▶ **WORK TO BE COMPLETED**: Return, with both end lines included, exactly what the data below holds from the line with "- Boston Lexington" through the line with "MagnolaRanch_logo_FINAL_HR-01.jpg", though not the pictures.

▶ **RECORDS SUPPLIED**:

=====

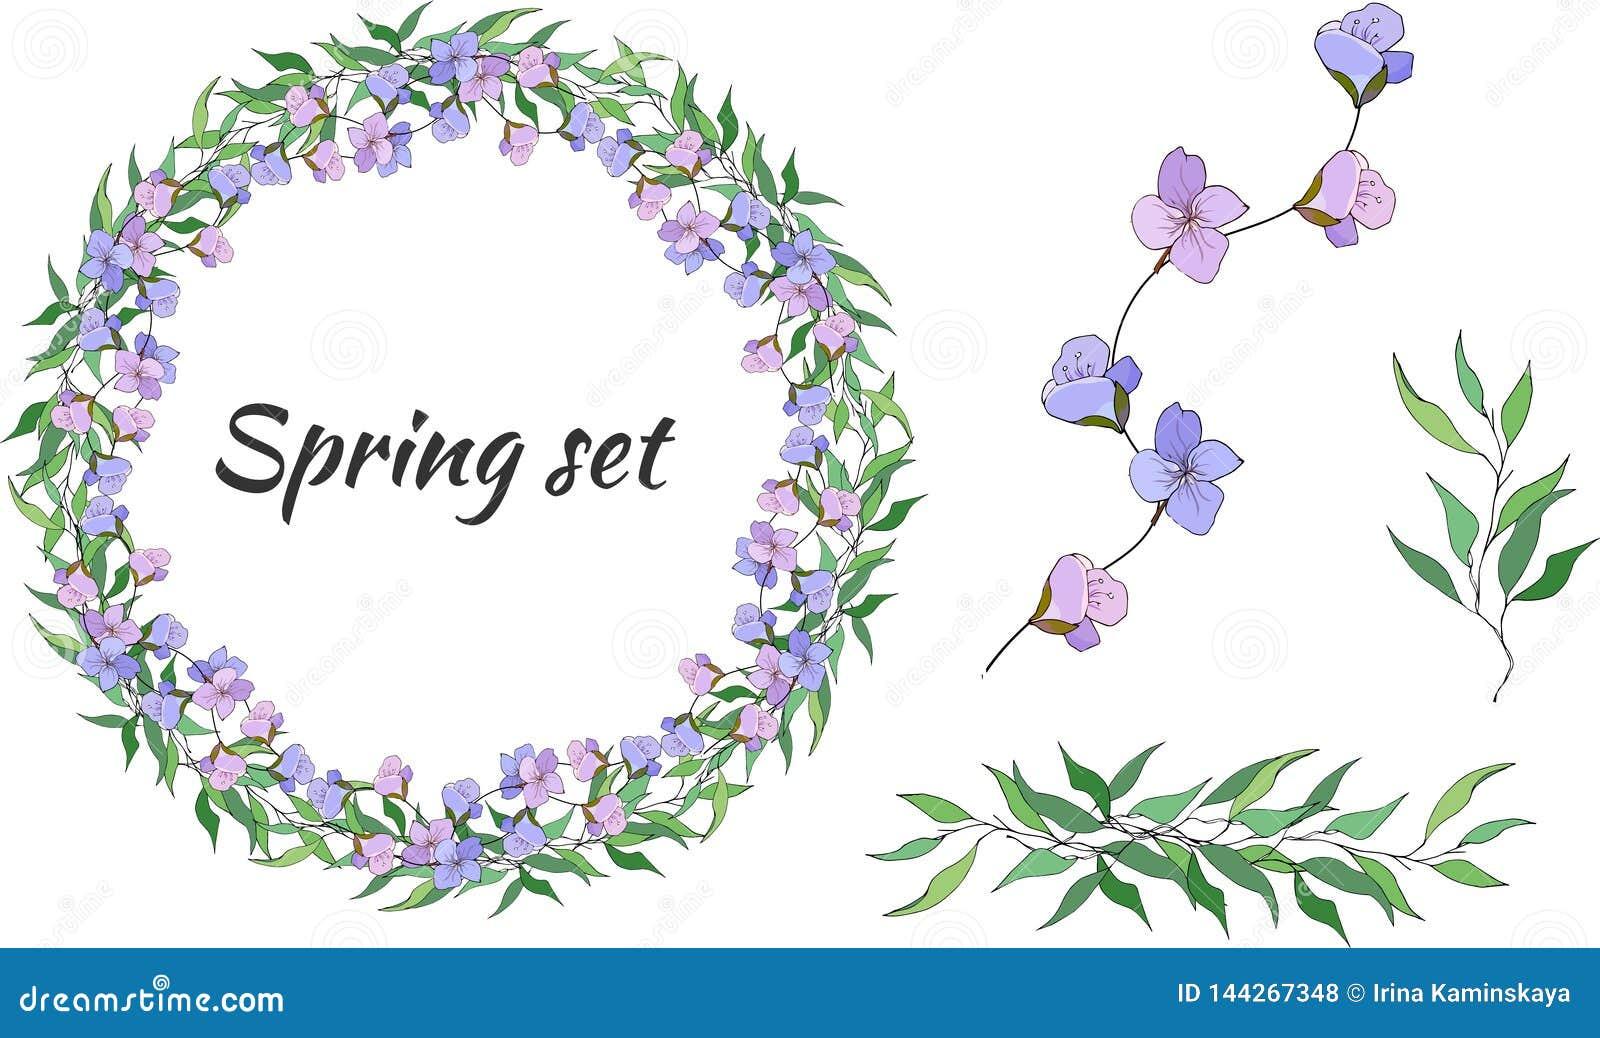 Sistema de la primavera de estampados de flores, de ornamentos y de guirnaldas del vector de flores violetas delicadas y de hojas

=====

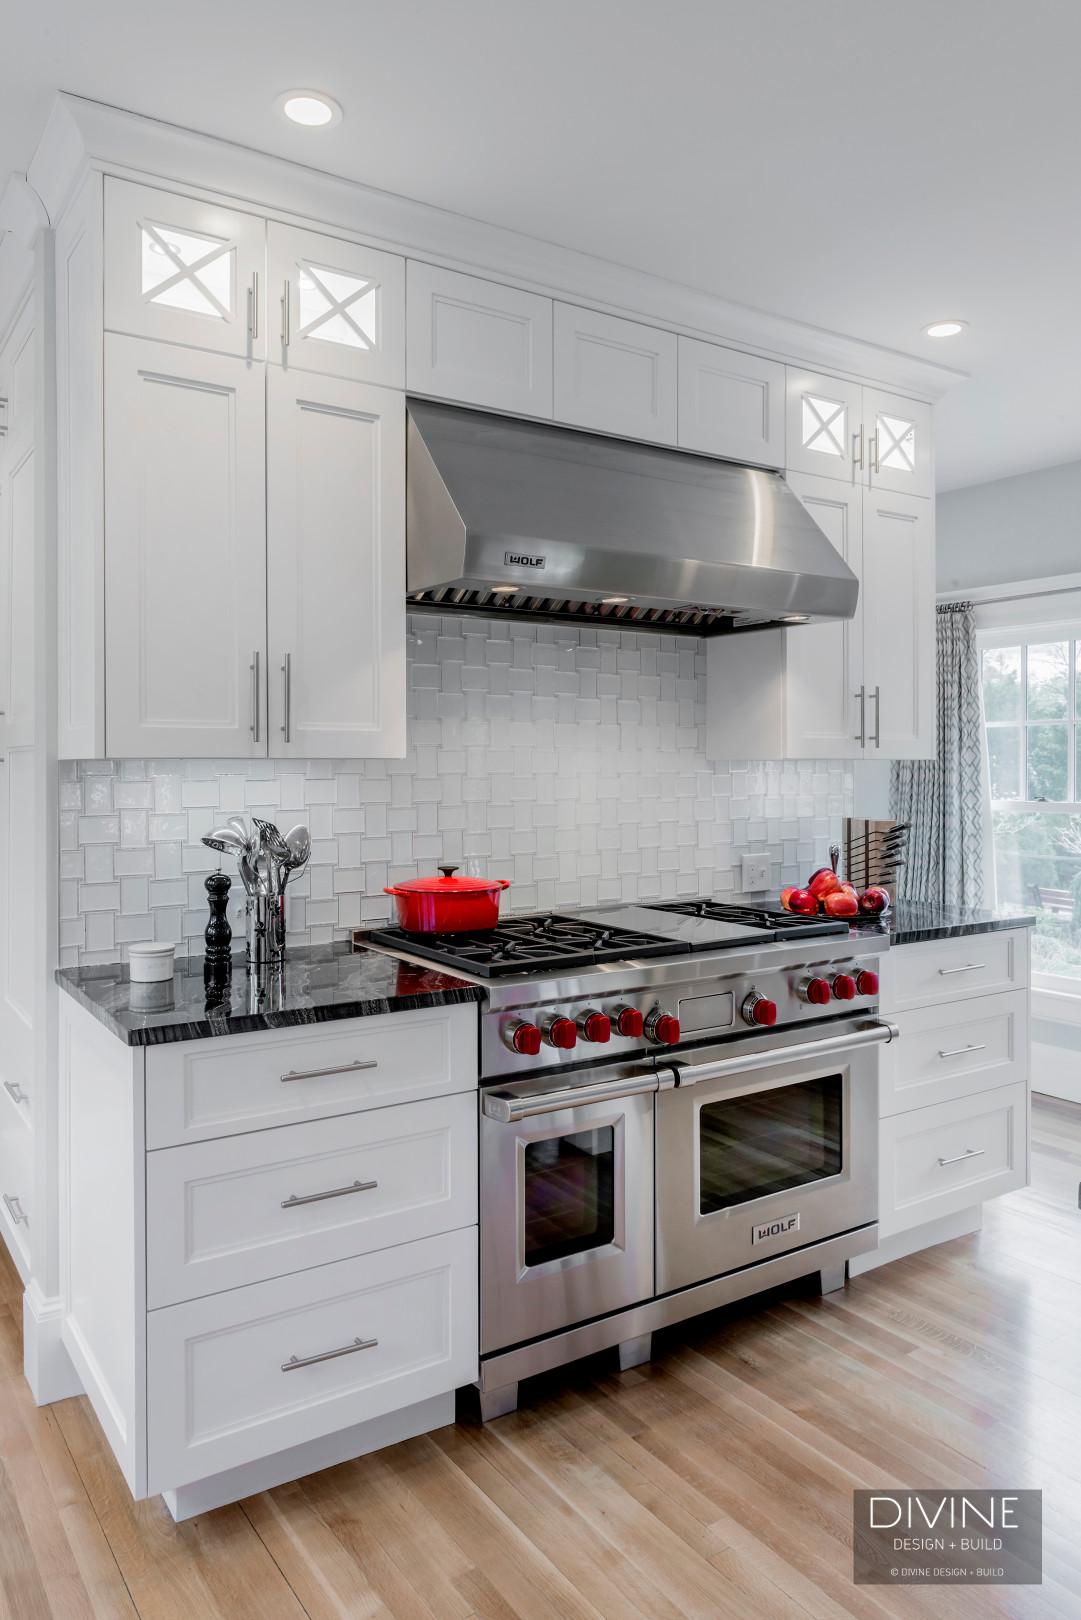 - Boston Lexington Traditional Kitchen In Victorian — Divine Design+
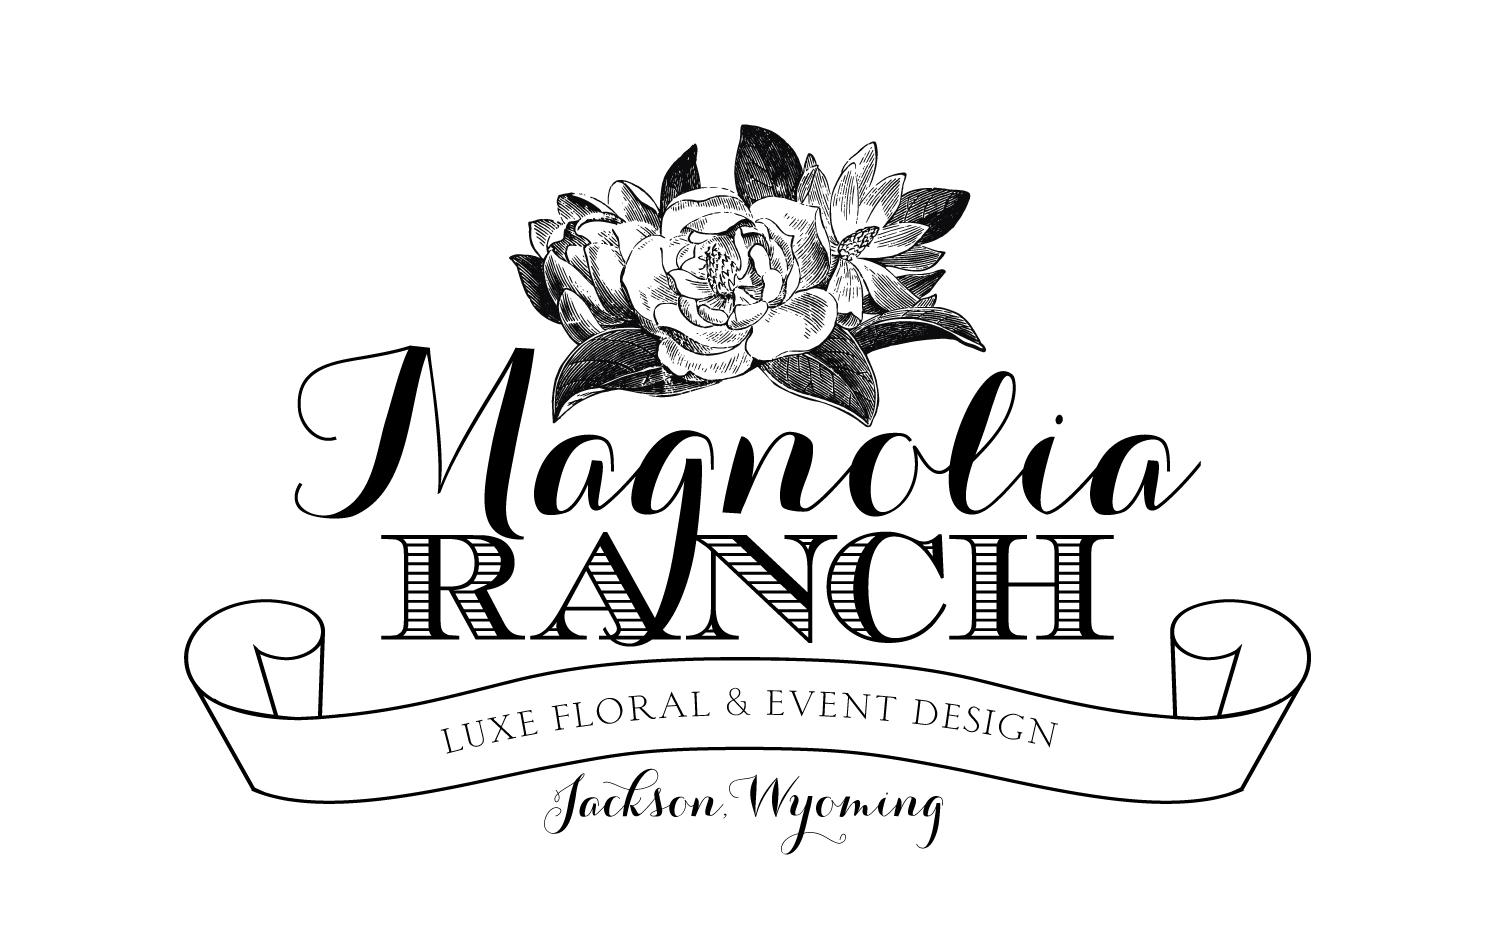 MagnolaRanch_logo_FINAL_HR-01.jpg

=====

▶ **RESPONSE FOR THIS EXERCISE**:
 - Boston Lexington Traditional Kitchen In Victorian — Divine Design+
 MagnolaRanch_logo_FINAL_HR-01.jpg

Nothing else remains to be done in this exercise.